This is a tremendous start! Wolfgang, thanks for updating the "Rackabello" link. The title variants are fascinating in and of themselves. Thanks, Masato. What would we do without Bronson? Any chance this collection is ever going to be republished? Thanks, Guest. And MMario, thanks for the Child collection! According to my edition - Dover, 1965 - you've included all of them. This gives us an excellent reference point.
I would be interested in paying particular attention to where the various versions come from geographically, and to the possibility of tracing some lineages for particular versions.
Since I grew up in Maryville, Tennessee, I'm partial to Sam Harmon's "Wild Boar", listed above in the DT links. It was recorded from the singing of Sam Harmon near Maryville, in 1939, by Herbert Halpert for the Library of Congress. You can listen to it on a cassette available from the Library of Congress (L57) CHILD BALLADS TRADITIONAL IN THE UNITED STATES, Vol. I, edited by Betrand H. Bronson, A4.
!!!CAUTION!!! I ordered this from the Library of Congress by First Class Mail on December 20, 2001. I live about three and a half hours from Washington, D.C. I had a note this week from the LOC saying that they received my order on August 14, 2002. They say, "The long delay in responding to your order was due to the anthrax scare which attacked Capitol Hill in October, 2001. All first class mail delivery was stopped for several months." Fortunately, I called in February or so and found out what the problem was. They can't take phone or internet orders, so I had to FEDEX them my order and my check. They FEDEXed me right back with the tape. Don't try it by the normal mails, unless you can wait nine months or a year.
You'll find a copy of the words and music for Sam Harmon's "Wild Boar" in Bronson's THE SINGING TRADITION OF CHILD'S POPULAR BALLADS, 1976 (Princeton), on page 71. Bronson says that Harmon learned this from his father (Council Harmon). In the liner notes for the cassette mentioned above, Bronson says,
"This is the most interesting version of the ballad of "Sir Lionel" that has been discovered in this country. Mr. Harmon learned it from hearing his father sing it but its track has not been followed further. In its outlines it is quite like Child's C text, "The Jovial Hunter of Bromsgrove,"[cf. MMario's post above] collected in Worcestershire about 1845." (p.7)

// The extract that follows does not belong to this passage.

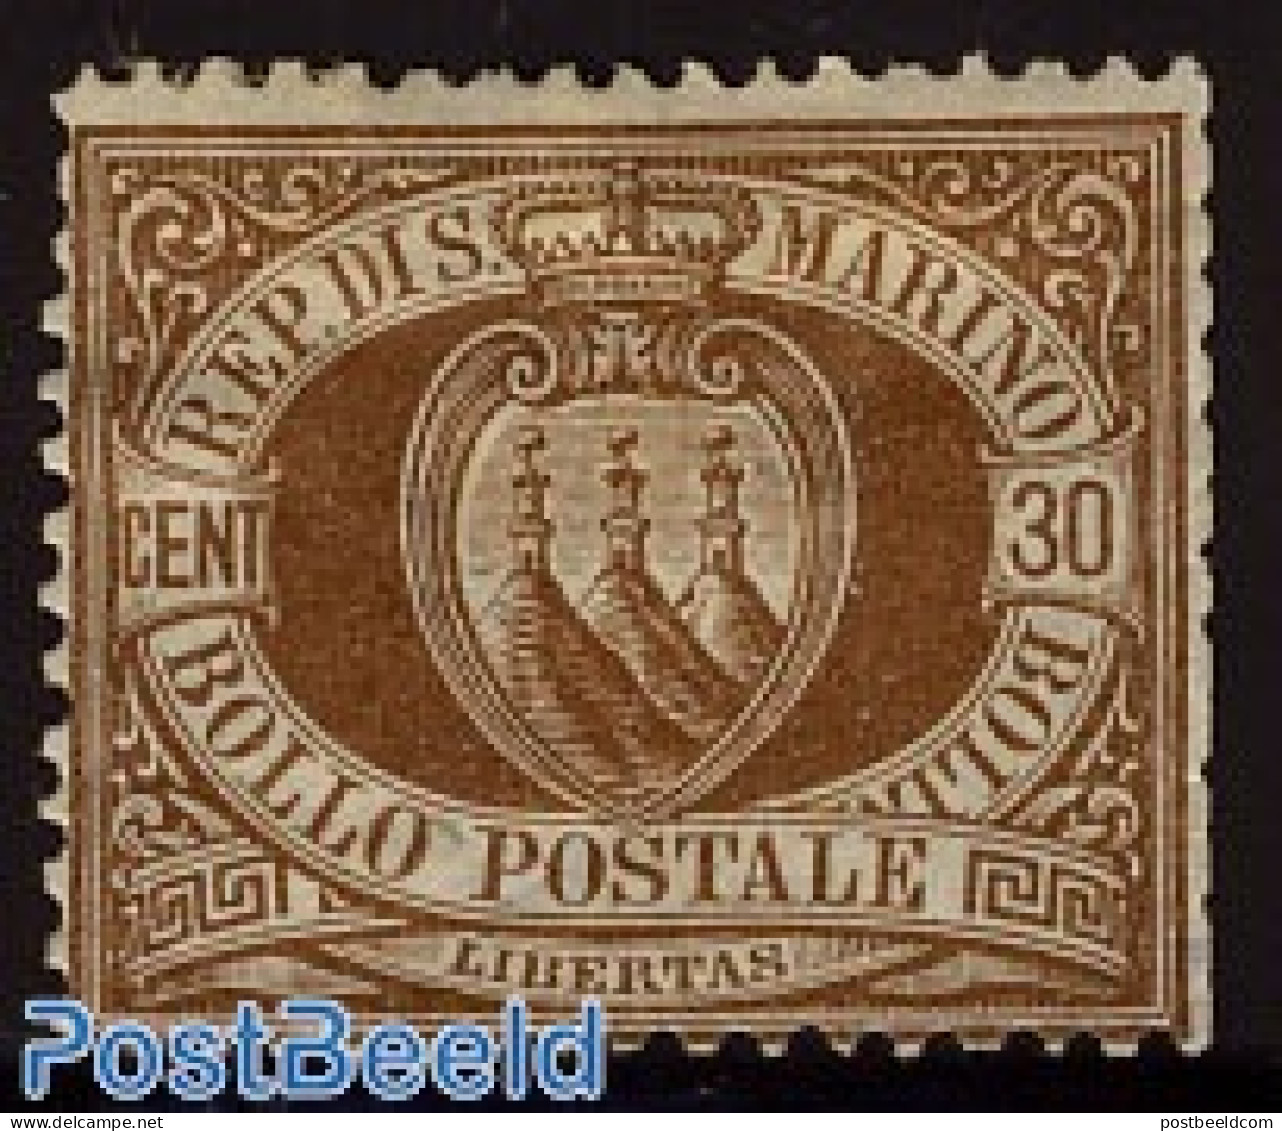 San Marino 1877 30c. Brown Unused Hinged, Unused (hinged) - Ungebraucht

Sam Harmon and his family lived in Cades Cove, not far from Maryville, Tennessee, right up to the time that the Cove was taken over by the Parks Service as a part of the Smoky Mountain National Park in the 1930s. You can learn a lot about the Harmon family from Mellinger Henry's book FOLK-SONGS FROM THE SOUTHERN HIGHLANDS, J.J.Augustin Publisher, New York City. Henry collected a bunch of songs from the Harmons, although "The Wild Boar" is not in this collection. There is also some information in Henry's book SONGS SUNG IN THE SOUTHERN APPALACHIANS, MANY OF THEM ILLUSTRATING BALLADS IN THE MAKING, London, the Mitre Press, 1934. Sam Harmon and his wife moved to Cades Cove from the Beech Mountain area of Western North Carolina, and both of them were related to the ballad singers in that area.
Peggy Seeger sings a version of Sam Harmon's "Wild Boar" on Record Four of her series with Ewan MacColl called THE LONG HARVEST, put out by ARGO,in 1967, in London, and unfortunately now out of print. Her tune is slightly different from Harmon's tune, but a good one. Jody Stecher's version, linked above, is also partially based on Sam Harmon's version, especially his tune. However, Stecher collates additional verses from other sources to fill out his version. It is interesting to compare the Harmon and Stecher versions, as well as the Harmon and the Child C version.